→ EXERCISE DESCRIPTION: While you copy the lines below, skip the pictures and keep the rest exact.

→ DATASET EXTRACT:
######

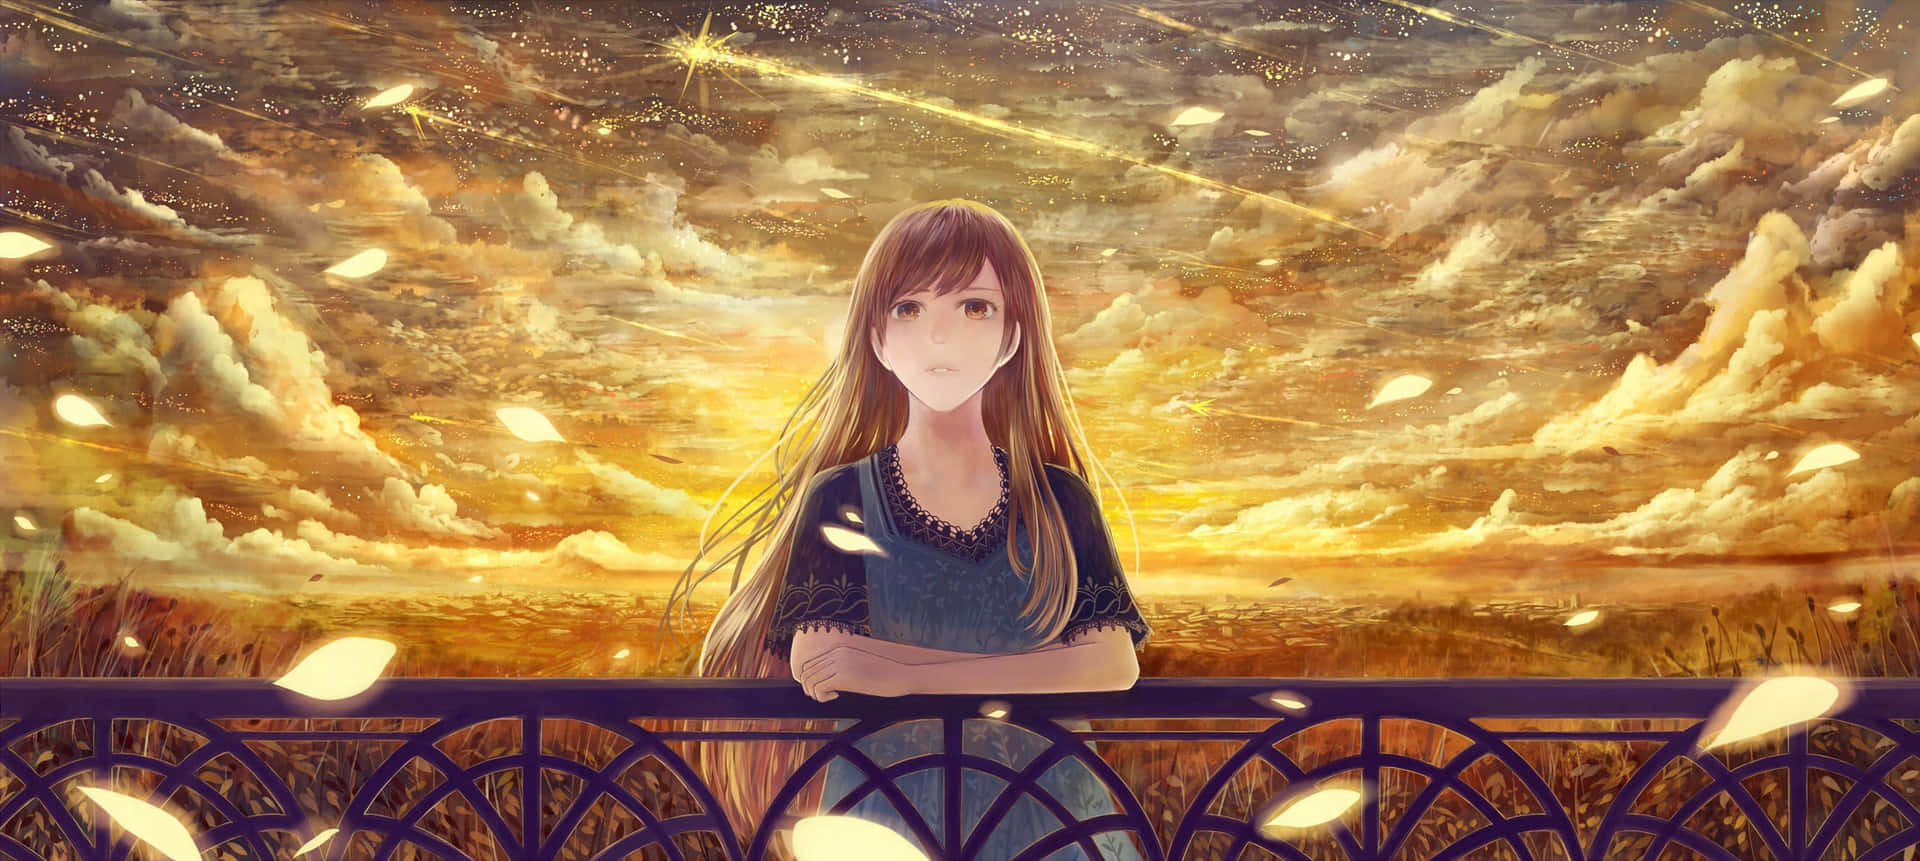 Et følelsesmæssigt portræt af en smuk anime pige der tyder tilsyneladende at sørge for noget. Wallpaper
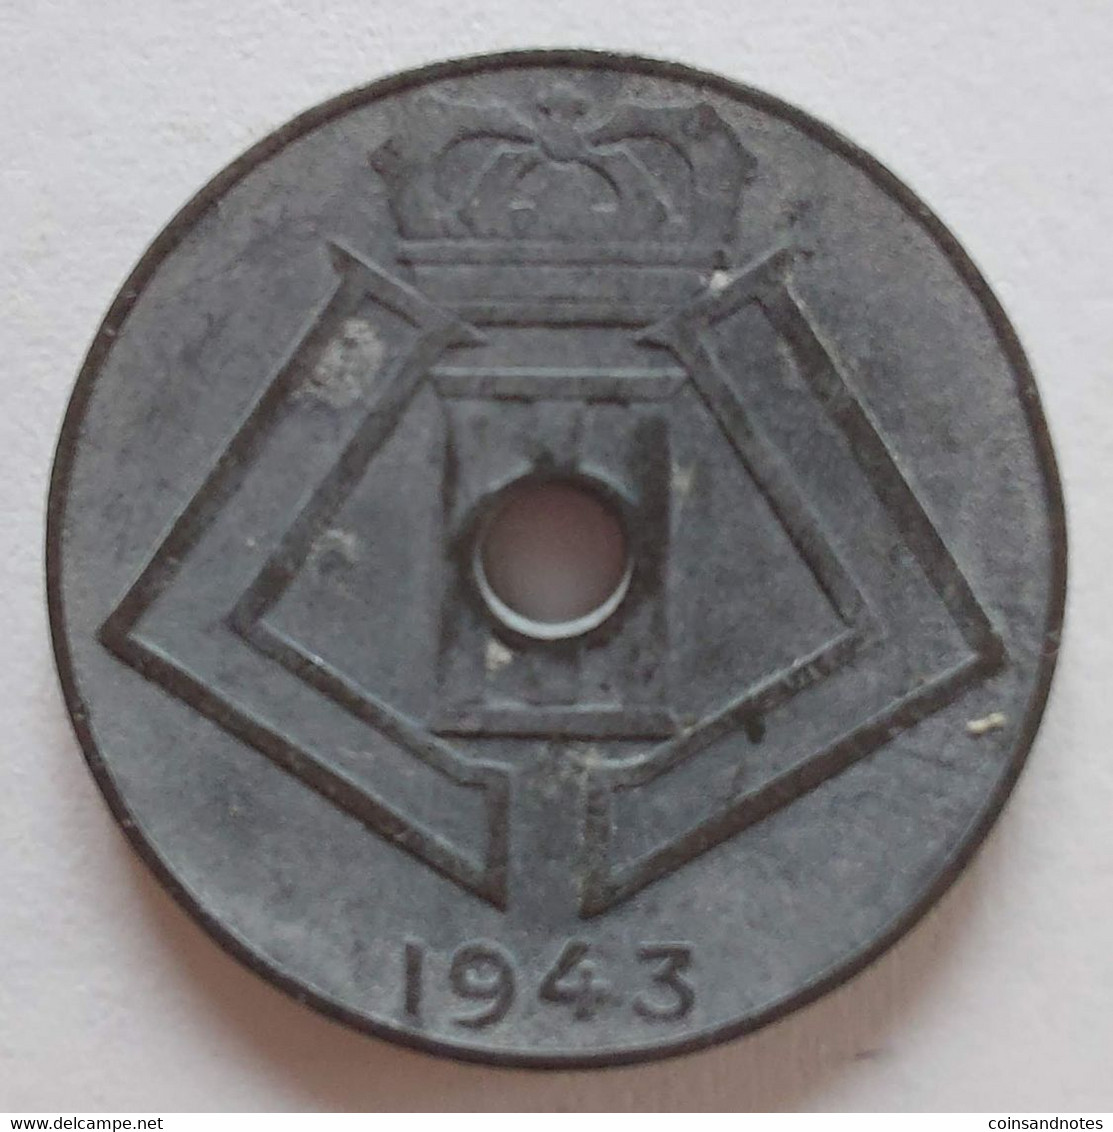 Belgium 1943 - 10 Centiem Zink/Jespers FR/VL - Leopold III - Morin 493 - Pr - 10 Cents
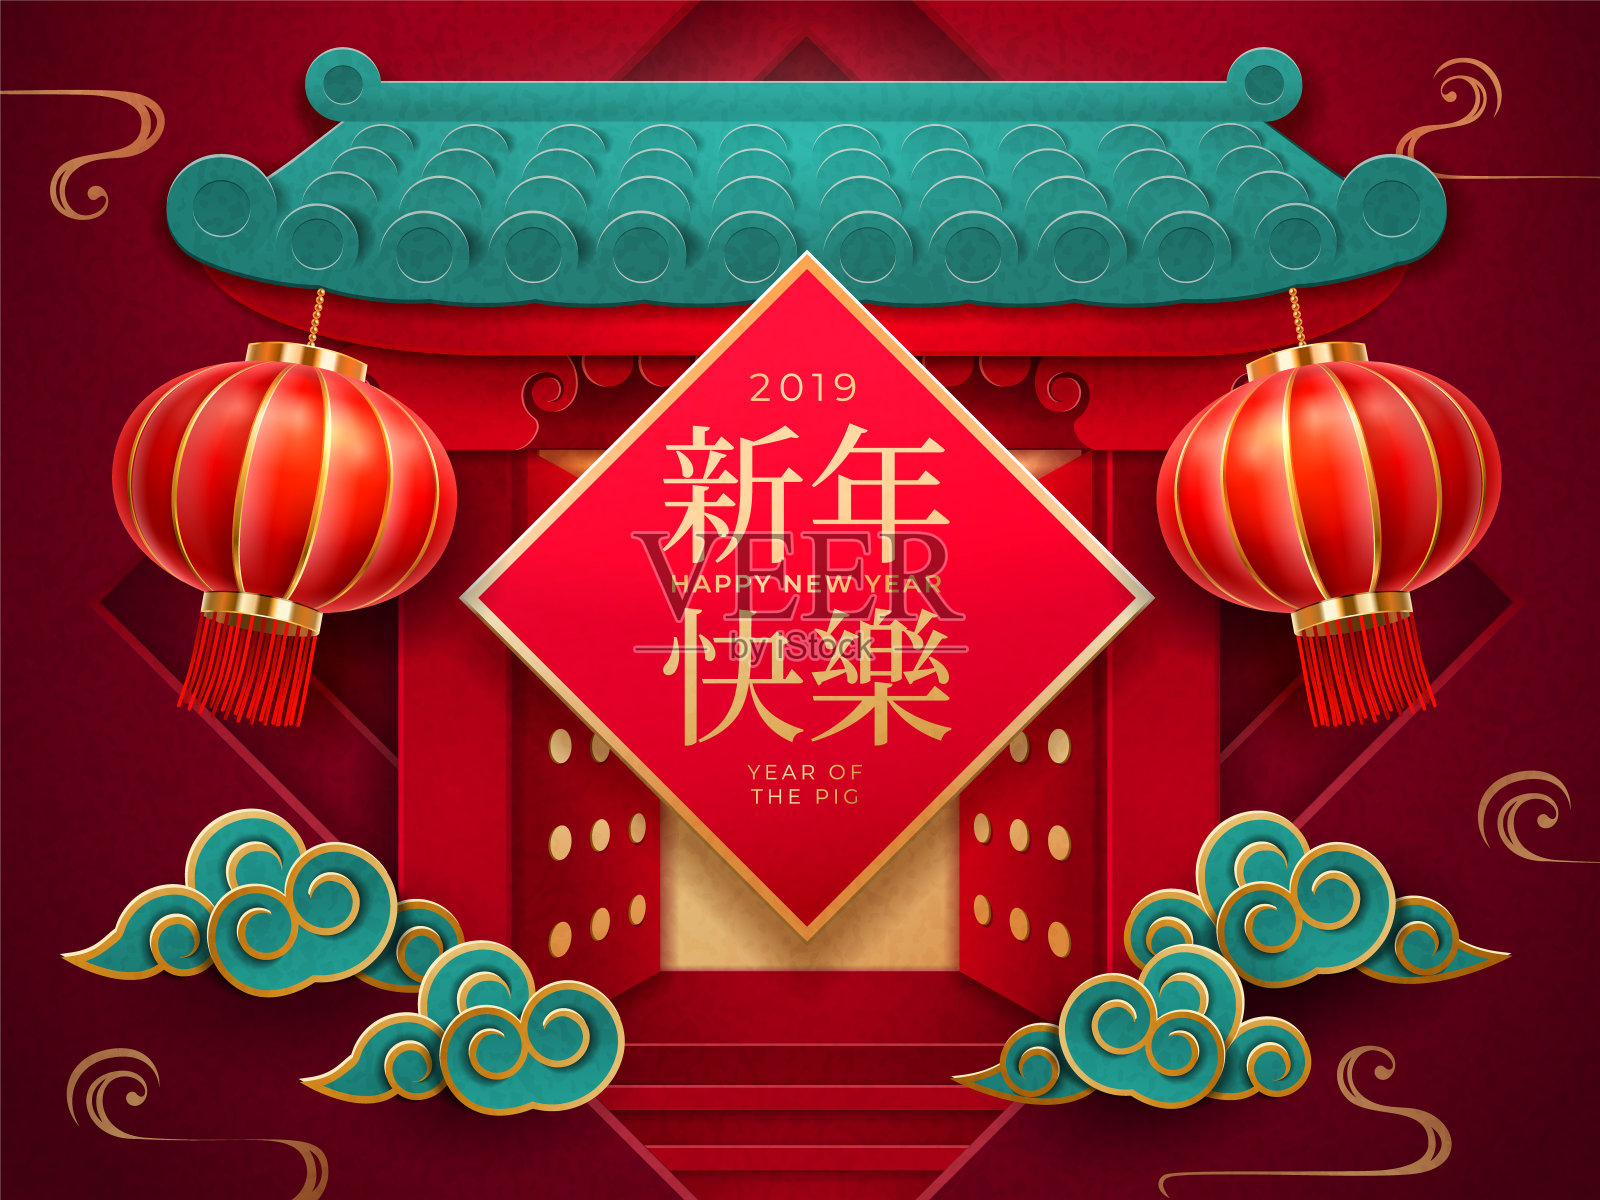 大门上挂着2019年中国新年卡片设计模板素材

######

→ PROBLEM SOLUTION:
 Et følelsesmæssigt portræt af en smuk anime pige der tyder tilsyneladende at sørge for noget. Wallpaper
 Belgium 1943 - 10 Centiem Zink/Jespers FR/VL - Leopold III - Morin 493 - Pr - 10 Cents
 大门上挂着2019年中国新年卡片设计模板素材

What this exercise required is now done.